Huawei Telekomünikasyon Dış Ticaret L.Ş. requested from the Board the return of a document taken by the TCA officials during an on-site investigation conducted on the grounds of a preliminary inquiry, based on confidentiality of attorney-client correspondence. The Board examined the relevant documents which were submitted in a sealed envelope and decided that the documents could not qualify as attorney-client correspondence17. The decision stated that, although the documents are part of an e-mail chain including the independent attorney and the undertaking's in-house legal counsel, the documents only include two e-mails between the in-house counsel and the undertaking's officers and although the independent attorney is mentioned in the carbon copy (cc) part of these two e-mails, the e-mails does not include any statements made by or addressed to the independent attorney. According to the Board's decision, an e-mail correspondence that does not include the statement of or addressed to an independent lawyer cannot benefit from the attorney-client privilege, even if the independent attorney is the e-mail's recipient.

Obstruction of On-Site Inspection

The Board imposed an administrative fine on the Turkish Pharmacists Association (the "TEB") with its decision dated 7 November 2019, for obstruction of on-site inspection. The Board imposed an administrative fine for each day starting from the next day of the on-site examination until the TEB's written invitation has entered to the TCA's records, in accordance with Article 17(b) of the Competition Law. The TEB appealed to the 15th Administrative Court of Ankara, requesting the suspension of execution of the Board's decision.

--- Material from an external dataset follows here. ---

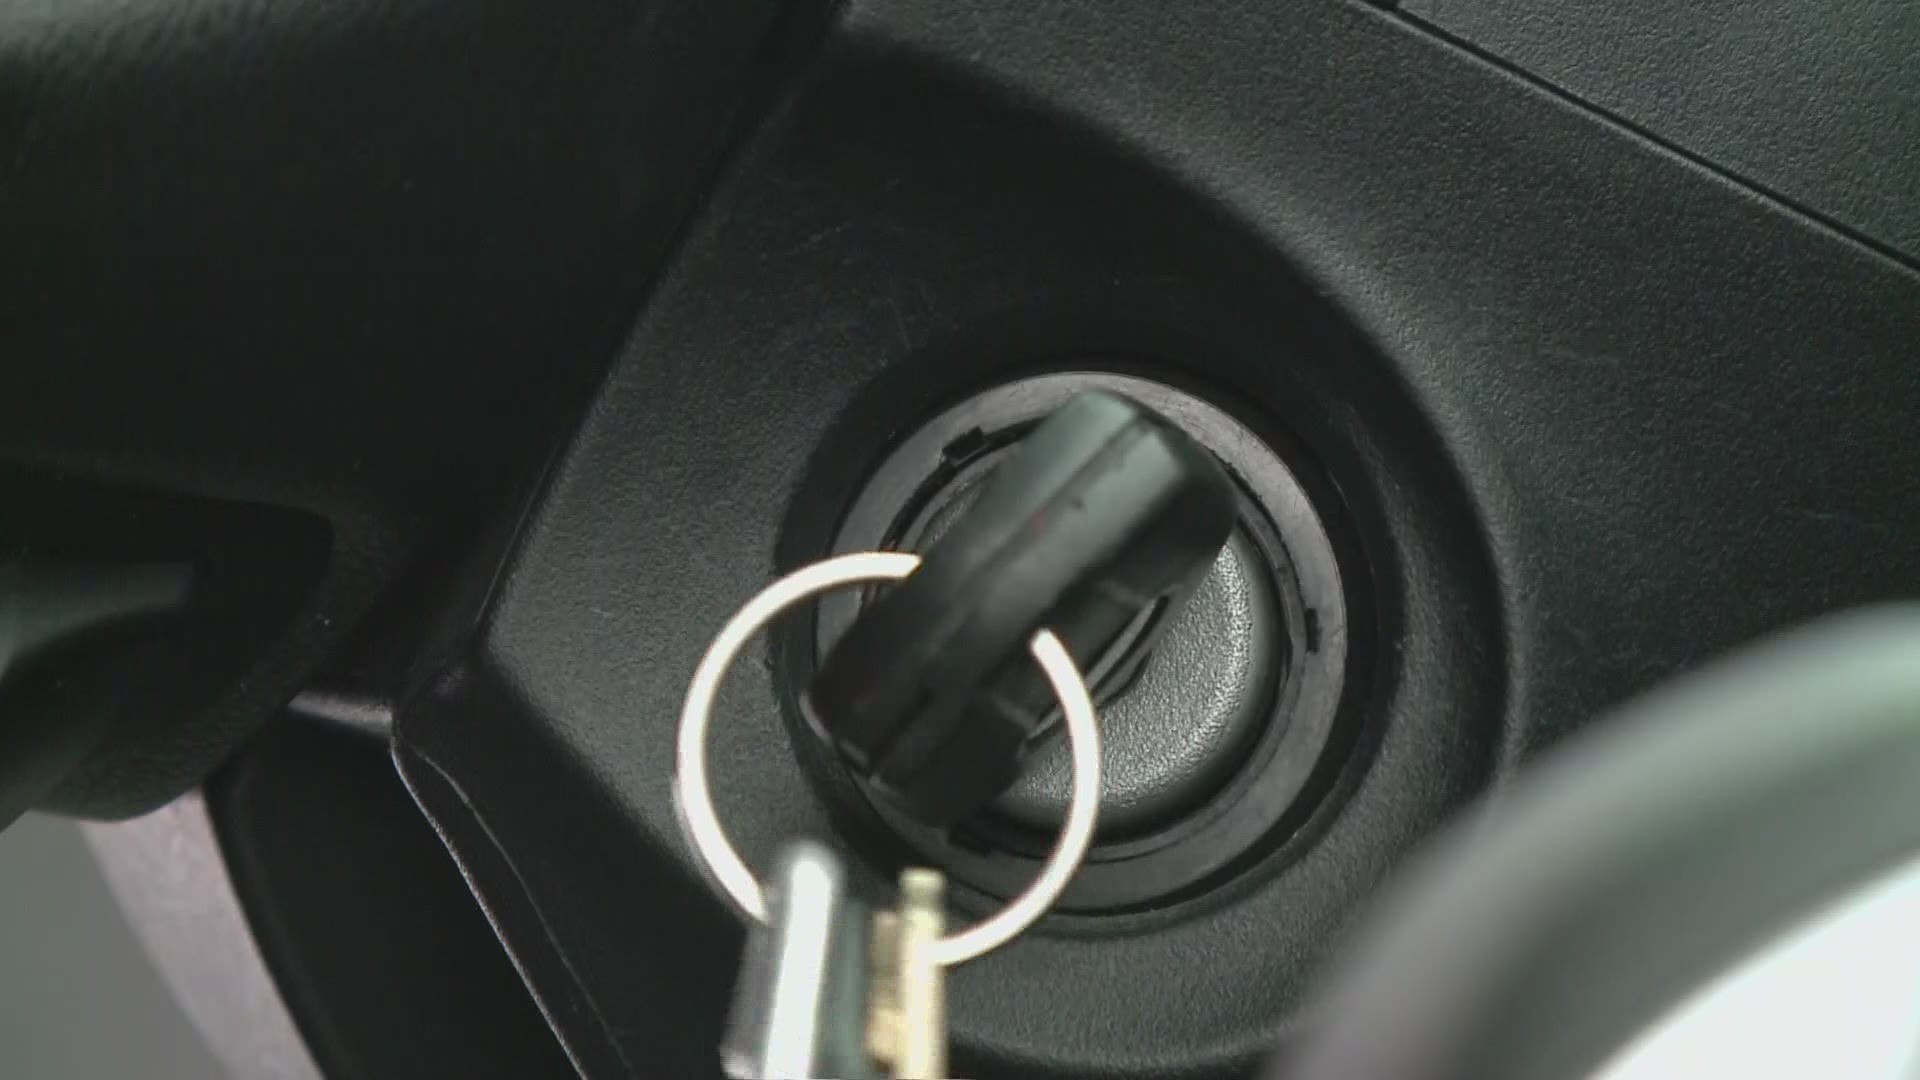 Car break-ins are not unusual in Maine. Year-round police are reminding people to lock their car doors and not leave anything valuable inside.
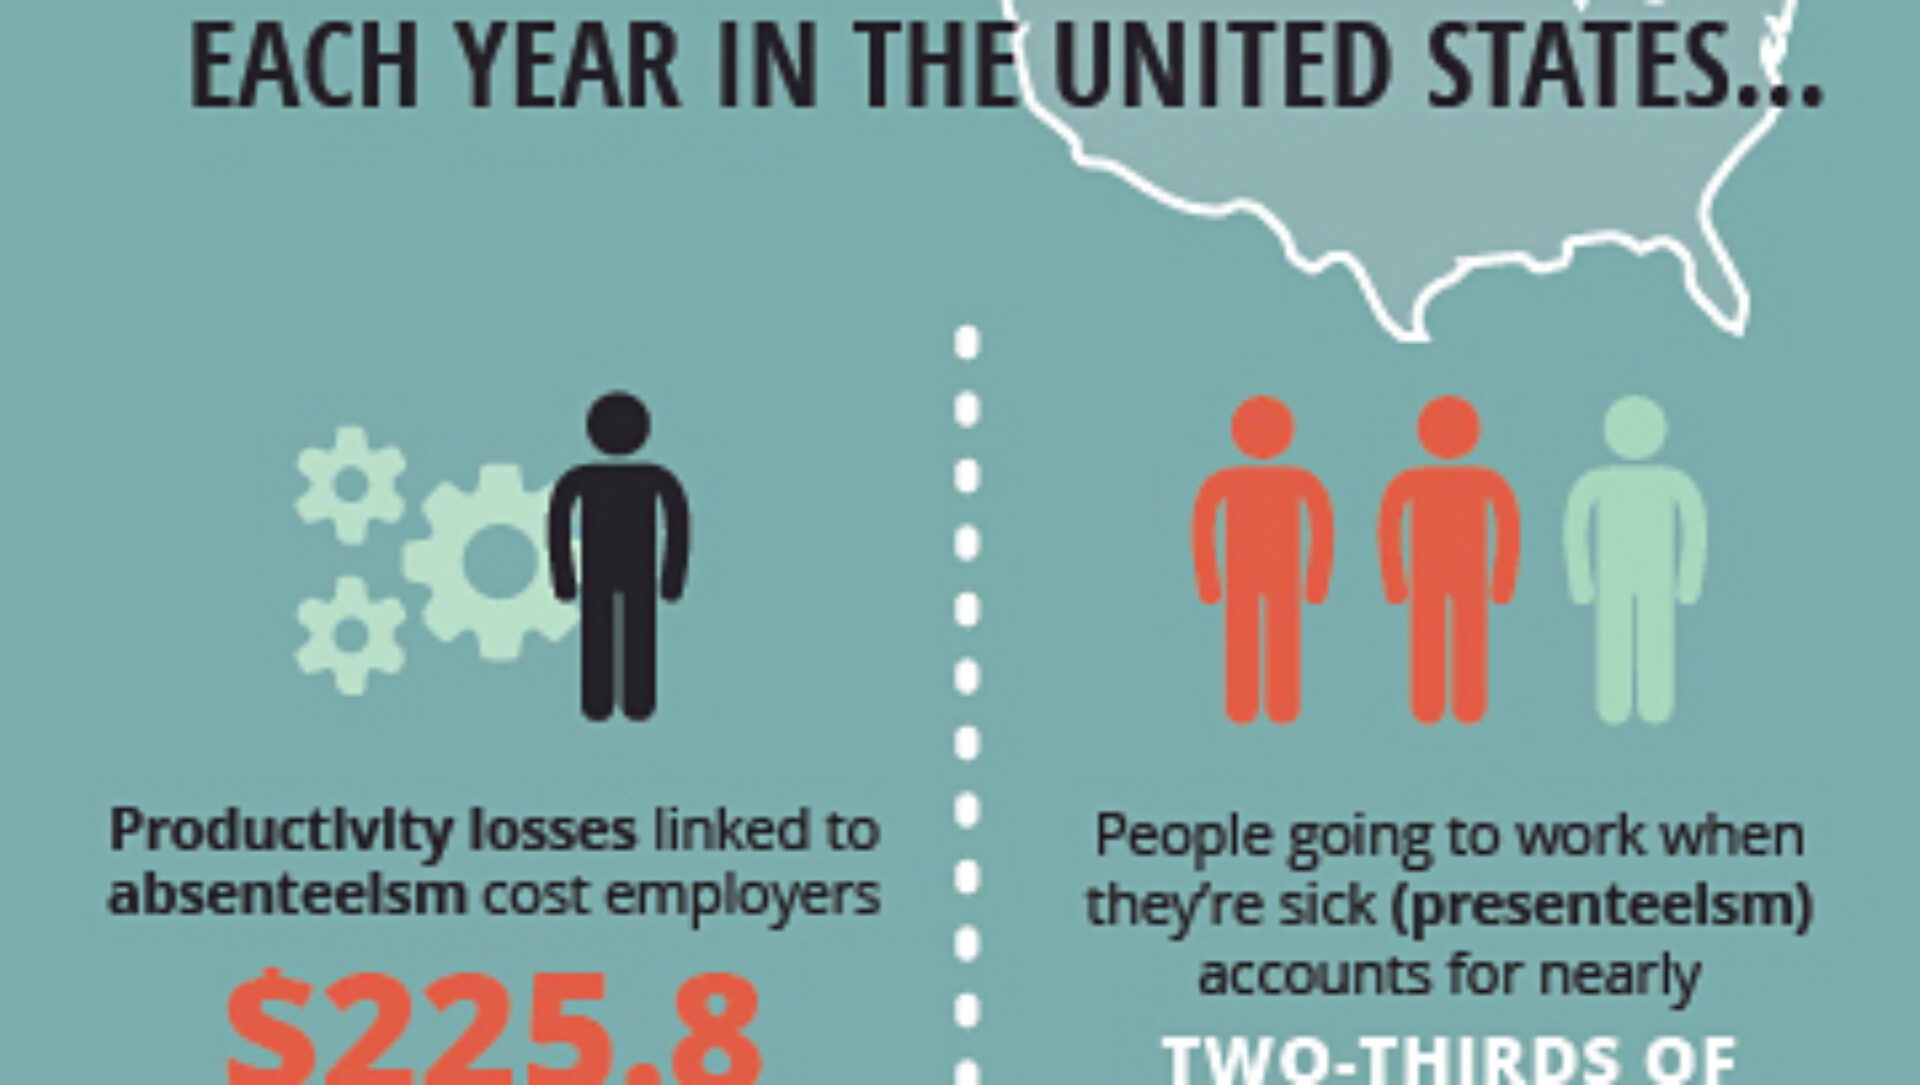 CDC - Business Pulse Infographic on employee health and productivity

The Court decided to suspend the execution of the administrative fine imposed on the TEB. In its decision, the Court recited Article 15 of the Competition Law, which states that the TCA can perform on-site inspection with the decision of the Criminal Judgeship of Peace in case an obstruction of on-site inspection occurs. In the concrete case, the TCA applied to the Criminal Judgeship of Peace requesting a decision to perform on-site inspection at TEB's premises, however the TCA's request was rejected. The Court ruled on that under these circumstances there is no legal ground to impose a daily monetary fine on the TEB in accordance with Article 17(b) of the Competition Law. The TCA's request to lift the decision on the suspension of execution was rejected by the Ankara Regional Administrative Court.


1. The Board's decision dated 19 September 2018 and numbered 18-33/555-273.

2. The Board's decision dated 7 November 2019 and numbered 19-38/577-245.

3. The Board's decision dated 9 January 2020 and numbered 20-03/30-13.

4. The Board's decision dated 6 June 2011 and numbered 11-34/742-230.

5. 13th Chamber of Council of State's decision dated 16 October 2017 and numbered E. 2011/4560, K. 2017/2573.

6. The Board's decision dated 10 January 2019 and numbered 19-03/23-10.

7. The Board's decision dated 12 November 2019 and numbered 19-39/610-263.

8. The Board's decision dated 1 October 2018 and numbered 18-36/584-285.

9. 6th Administrative Court of Ankara's decision dated 18 December 2019 and numbered 2019/246 E, 2019/2625 K.

10. The Board's decision dated 7 November 2019 and numbered 19-38/575-243.

11. The Board's decision dated 19 December 2019 and numbered 19-45/769-331.

12. The Board's decision dated 12 November 2019 and numbered 19-39/601-255.

13. The Board's decision dated 14 November 2019 and numbered 19-40/655-280.

14. The Board's decision dated 18 August 2016 and numbered 16-28/476-213.

15. The Board's decision dated 16 November 2016 and numbered16-39/641-287.

16. The Board's decision dated 12 December 2019 and numbered 19-44/732-312.

17. The Board's decision dated 14 November 2019 and numbered 19-40/670-288.